Chapter 1 Introduction

Disclaimer: This book is by no mean a legal book and should not be used as such. This book aims at helping you decipher the complexity of open source licenses, but if you have legal concerns and questions about open source licenses, please refer to a professional lawyer.

1.1 Diving into the CRAN & BioConductor database

Before going deeper into the definition of licenses, let’s first have a look into the licenses currently used on CRAN & BioConductor.

library(tidyverse)
theme_set(theme_minimal())

Note: this version has been compiled on :

Sys.time()
## [1] "2019-07-23 13:00:18 CEST"

1.1.1 Get all the packages

First, let’s get a list of all the packages.
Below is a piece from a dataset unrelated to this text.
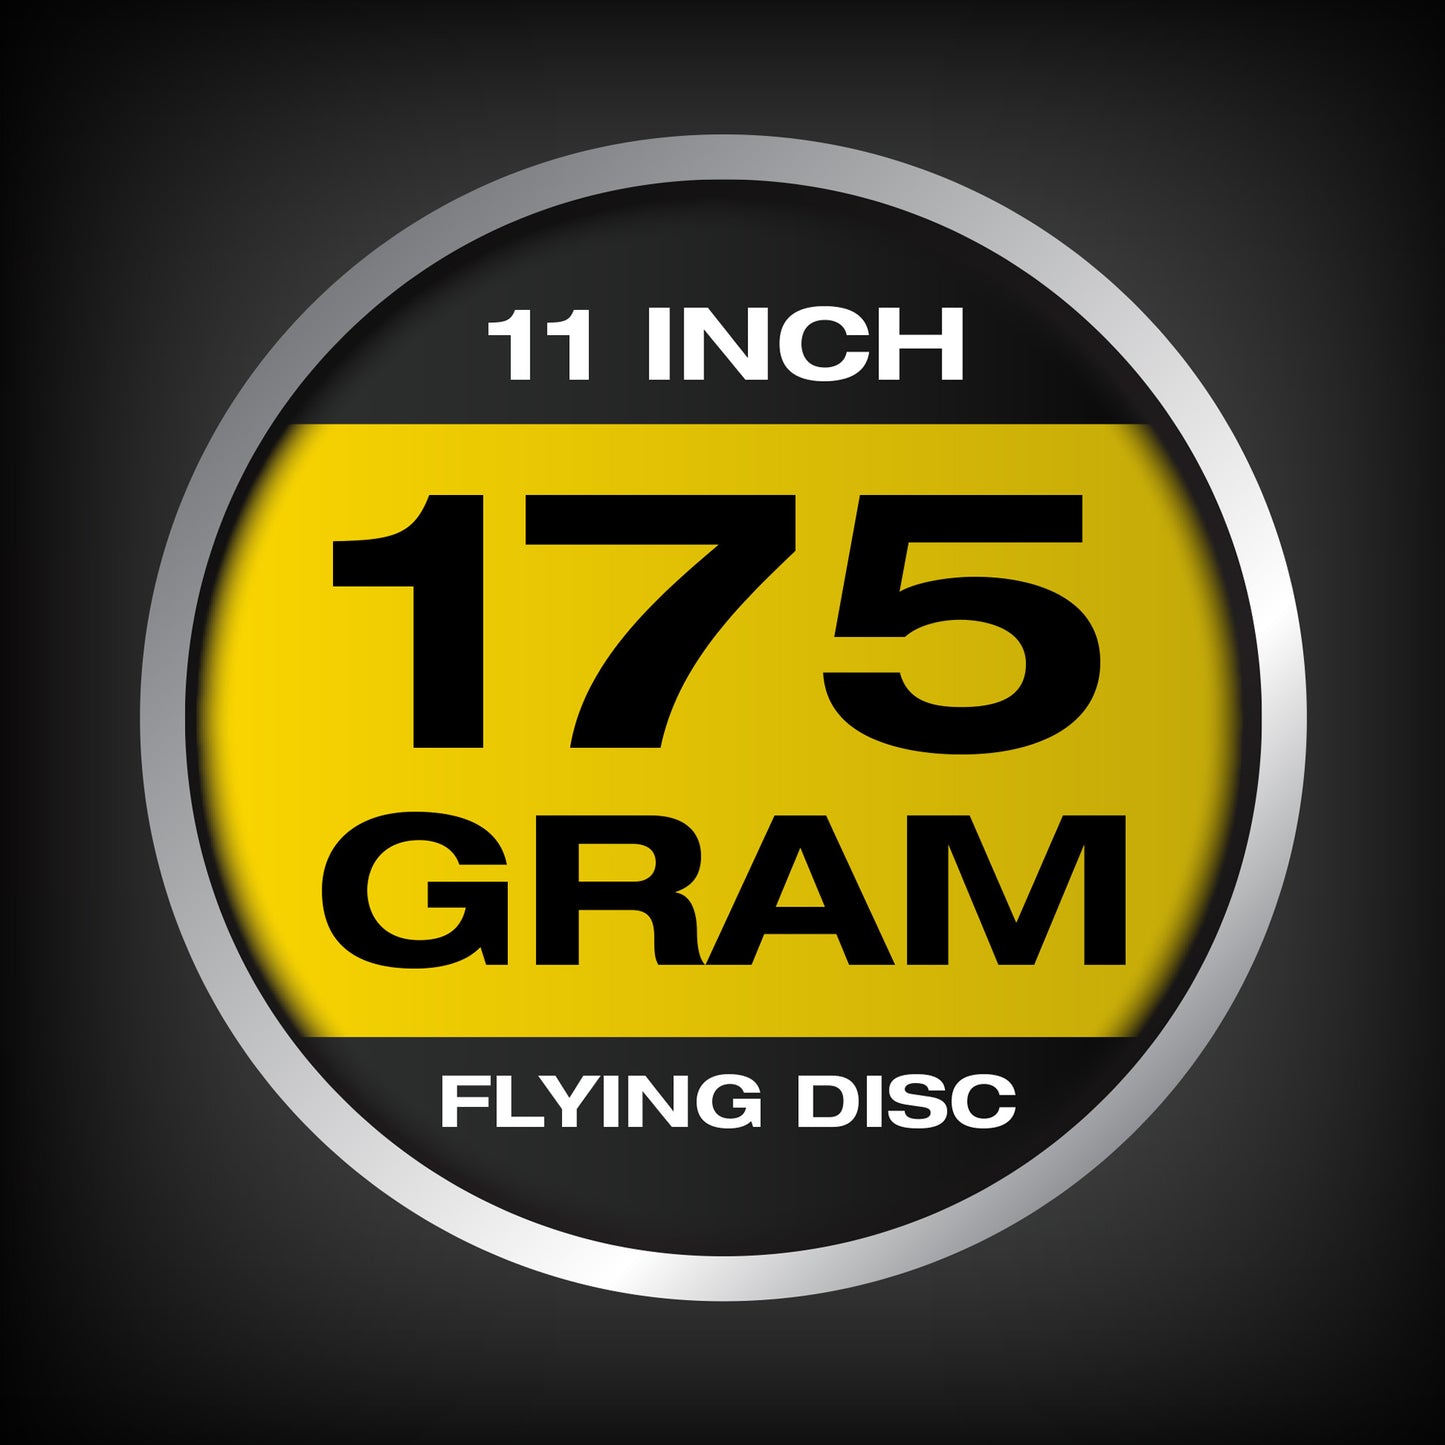 Kan Jam 175g  Light-Up Flying Disc

We’ll extract the list of packages from CRAN using the CRAN_package_db() function from {tools}, and the ones from BioConductor by reading the file at "https://bioconductor.org/packages/release/bioc/src/contrib/PACKAGES". These two datasets contain the metadata about the packages hosted there. The data are parsed from the DESCRIPTION file.

# Getting the DB
cran_db <- tools::CRAN_package_db() %>% 
  thinkr::clean_names() %>%
  mutate(src = "cran")

bioc_db <- read.dcf(url("https://bioconductor.org/packages/release/bioc/src/contrib/PACKAGES")) %>% 
  as.data.frame() %>% 
  thinkr::clean_names()  %>%
  mutate(src = "bioc")

full_db <- bind_rows(cran_db, bioc_db)

These two lists contain:

  • 14604 packages from CRAN
  • 1735 packages from BioConductor

So a total of 16339 packages.

1.1.2 Data cleansing

Let’s now select the columns of interest: the ones containing the information about licenses, and have a look at the 6 first rows of the result.

db <- full_db %>% 
  select(package, contains("license"), src) 
head(db) 

1.2 Extracting information

1.2.1 Counting the licenses

# Number of licenses
n_license <- db %>%
  distinct(license) %>% 
  count() %>% 
  pull(n)

In our dataset, we can find 177 different licenses.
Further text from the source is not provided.